NVIDIA Kepler speculation thread

TKK · Nov 14, 2010

Megadrive1988 said:
G70 / G71 / and PS3's RSX = NV47

Although G71 could be called NV47b. It wasn't the exact same chip afterall (less transistors, full node shrink).

AnarchX · Nov 15, 2010

What do you think would be the ratio between SP and DP on Kepler(GK100?)?

DP landing zone should be ~1.3-1.5 TFLOPs:

NV promised ~5 DP FLOPs per Watt
AMD could offer >=3200SPs @ 4D in early 2012
Larrabee MIC 50 core should be also in this range

To compete with AMDs possible ~5 TFLOPs SP they should do at least 3:1.
Maybe they going superscalar like on GF104 and going even further:

triple dual port sheduler
one DP fullspeed capable Vec16
four normal Vec16
SP to DP 5:1, with parallel looping (GF104-like) on the not-fullsped Vec16 ALUs 5:2

CarstenS · Nov 15, 2010

AnarchX said:
To compete with AMDs possible ~5 TFLOPs SP they should do at least 3:1.
Maybe they going superscalar like on GF104 and going even further:

triple dual port sheduler

one DP fullspeed capable Vec16

four normal Vec16

SP to DP 5:1, with parallel looping (GF104-like) on the not-fullsped Vec16 ALUs 5:2

Depending on the market targeted and the competition materialized up until then (yeah, I mean you Larrabee!), I don't think that af GF104-like specialization of the SPs is the way to go.

Developers seem already facing a large enough challenge to port their algorithms to GPUs in general, so it won't be very productive to force mixed SP/DP algos down their throats at the same time.
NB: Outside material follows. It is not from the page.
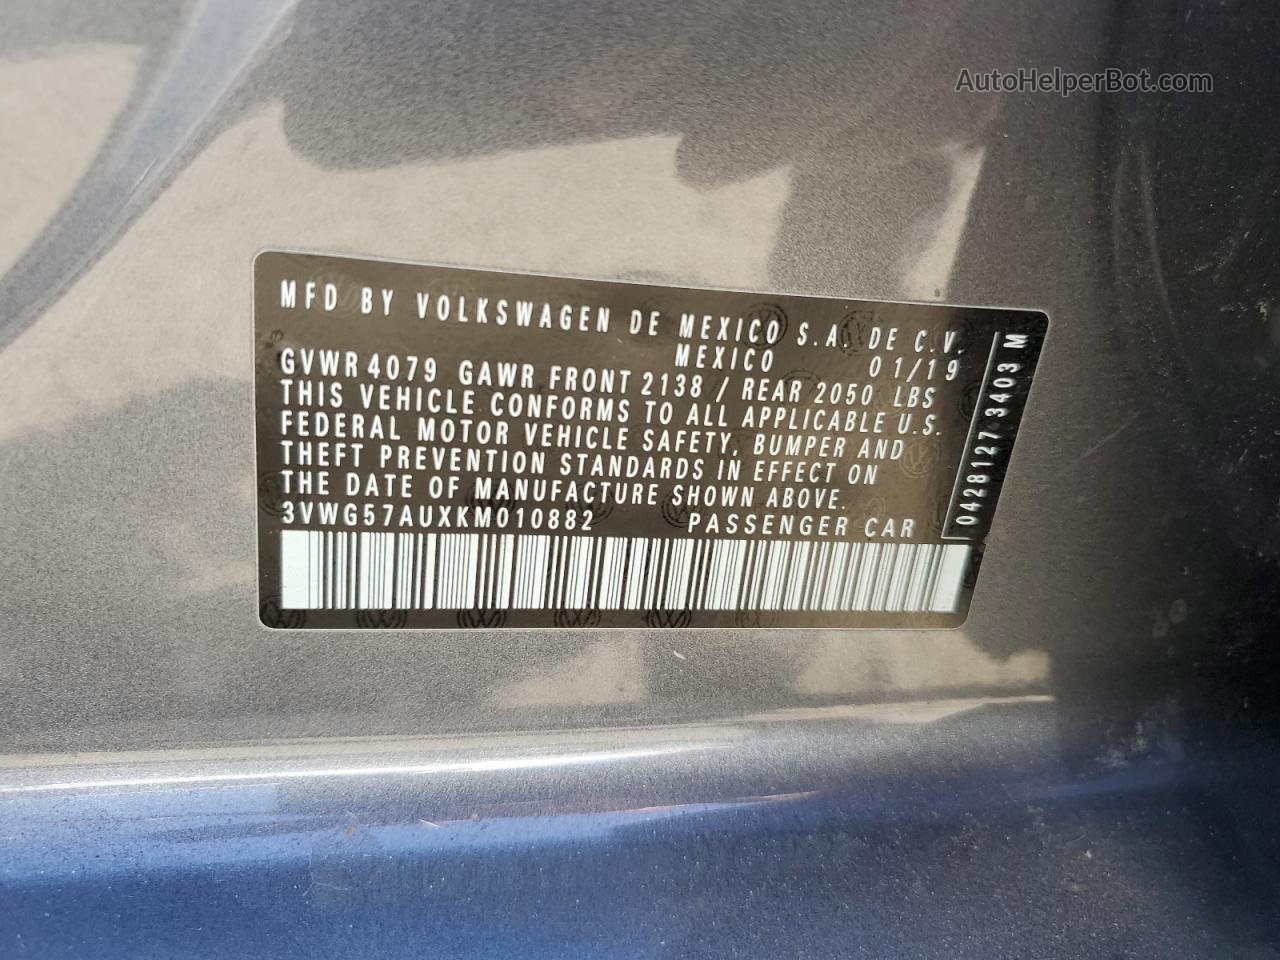 2019 Volkswagen Golf S Gray vin: 3VWG57AUXKM010882

And if you don't do that, you'd have 4/5 of your shaders basically idling in (most?) HPC workloads.

Plus, 2:1 is an almost ideal ratio, because you'd need double the data for DP anyway, so your extra cost would be only the SPs, not the wiring.

In short: I think they're continuing the Fermi-Route with GK100 (yes, I said that). One HPC/High-End GPU no matter the cost and more specialized designs for Gaming and Mobile markets.

Megadrive1988 · Nov 15, 2010

TKK said:
Although G71 could be called NV47b. It wasn't the exact same chip afterall (less transistors, full node shrink).

Yeah, but just realize that I meant G71 is in the NV47 family

A1xLLcqAgt0qc2RyMz0y · Nov 17, 2010

Nvidia describes 10 teraflops processor
Rick Merritt
11/17/2010 10:47 AM EST
SAN JOSE, Calif. – Nvidia's chief scientist gave attendees at Supercomputing 2010 a sneak peak of a future graphics chip that will power an exascale computer. Nvidia is competing with three other teams to build such a system by 2018 in a program funded by the U.S. Department of Defense.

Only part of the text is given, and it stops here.